Quantitative evaluation techniques for syrinx size and functional deficits in a rat model


Syringomyelia (SM) is a neurological disorder that is characterized by the formation of a fluid-filled cyst, a syrinx, inside the spinal cord. SM presents mainly with chronic progressive pain and neurological deficits because syrinxes compress the surrounding neural tissue while expanding, negatively impacting patient quality of life. Research into the molecular aspects of SM, as instructed by animal models, could yield alternative nonsurgical treatment options. However, animal-based studies currently lack quantitative techniques to evaluate syrinx geometry and locomotion deficits to facilitate future research. In this study, the advanced techniques microcomputed tomography (µCT) and Automated Gait Analysis Through Hues and Areas (AGATHA) were implemented in an attempt to better study and quantify syrinx size and locomotion deficits, respectively, in a post-traumatic SM (PTSM) rat model.

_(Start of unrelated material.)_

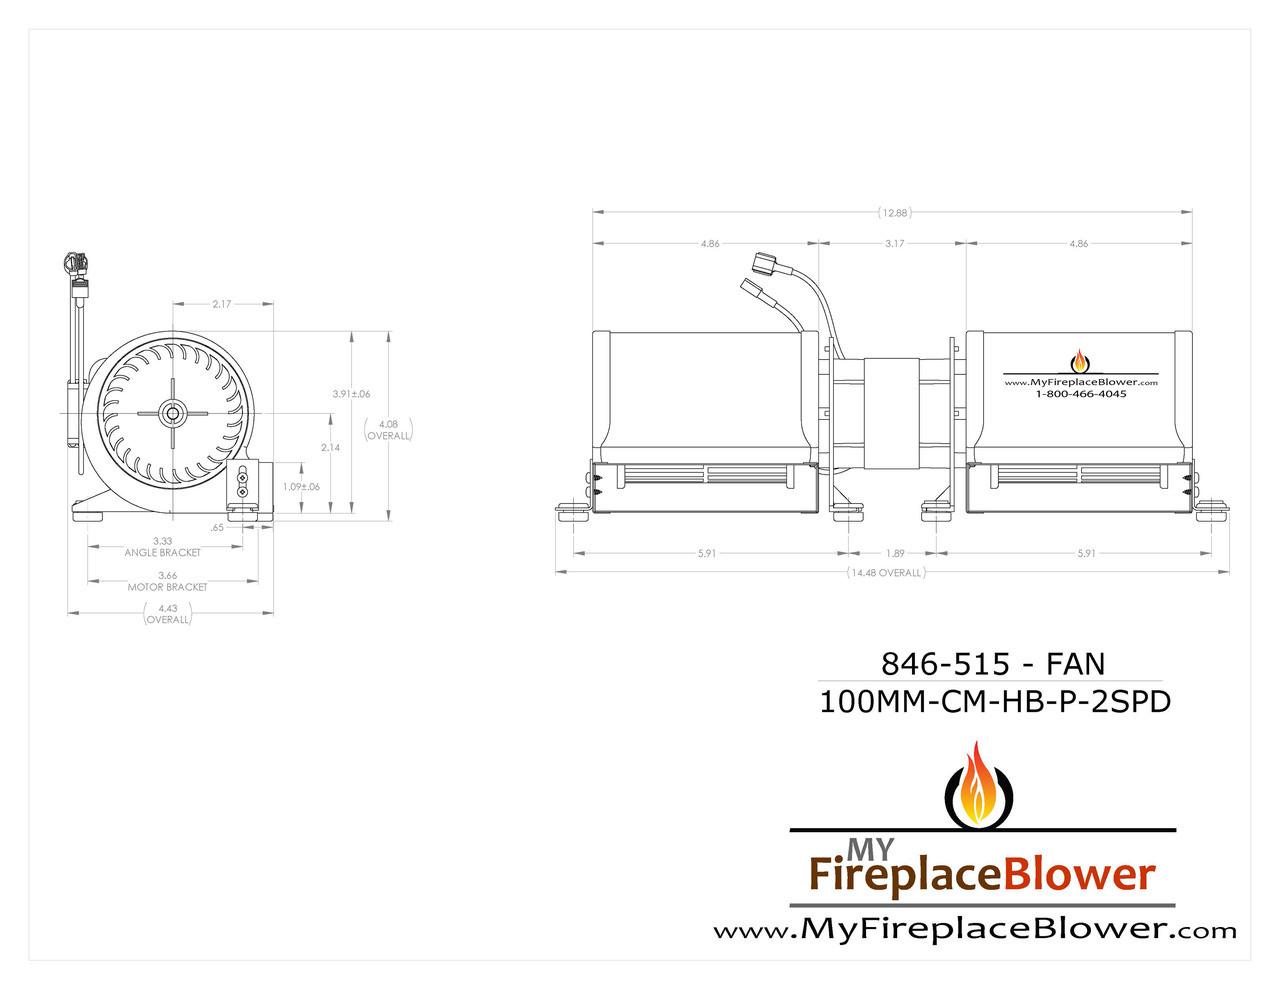 fan regency wood stove 910 157 p [ 1280 x 989 Pixel ]

Studies were conducted to implement µCT and AGATHA techniques using an already established PTSM rat model. Syrinx surface area and volume were evaluated in situ after fixing spinal cords 6 weeks after injury using 360o scene via a high-resolution µCT scanner. The locomotion of injured rats was evaluated using AGATHA at -2, 0, 2, 4, 6 weeks post-injury.


The virtual 3D shape of syrinxes (from µCT), as well as locomotion data (from AGATHA), provided quantitative measures of syrinx size and locomotion parameters. The data by µCT analysis were successfully verified by conventional histology. Preliminary findings show the impact of SM on locomotion, and we are working to correlate these data to syrinx measures from µCT.

Discussion and Conclusions

Our data suggest that the µCT technique employed can be used to evaluate syrinx size in terms of surface area and volume as a cost-effective quantitative technique to supplant live animal analyses. Also, our recently reported AGATHA technique for gait analysis following spinal cord injury was successfully implemented to evaluate locomotion deficits due to SM in our rat model.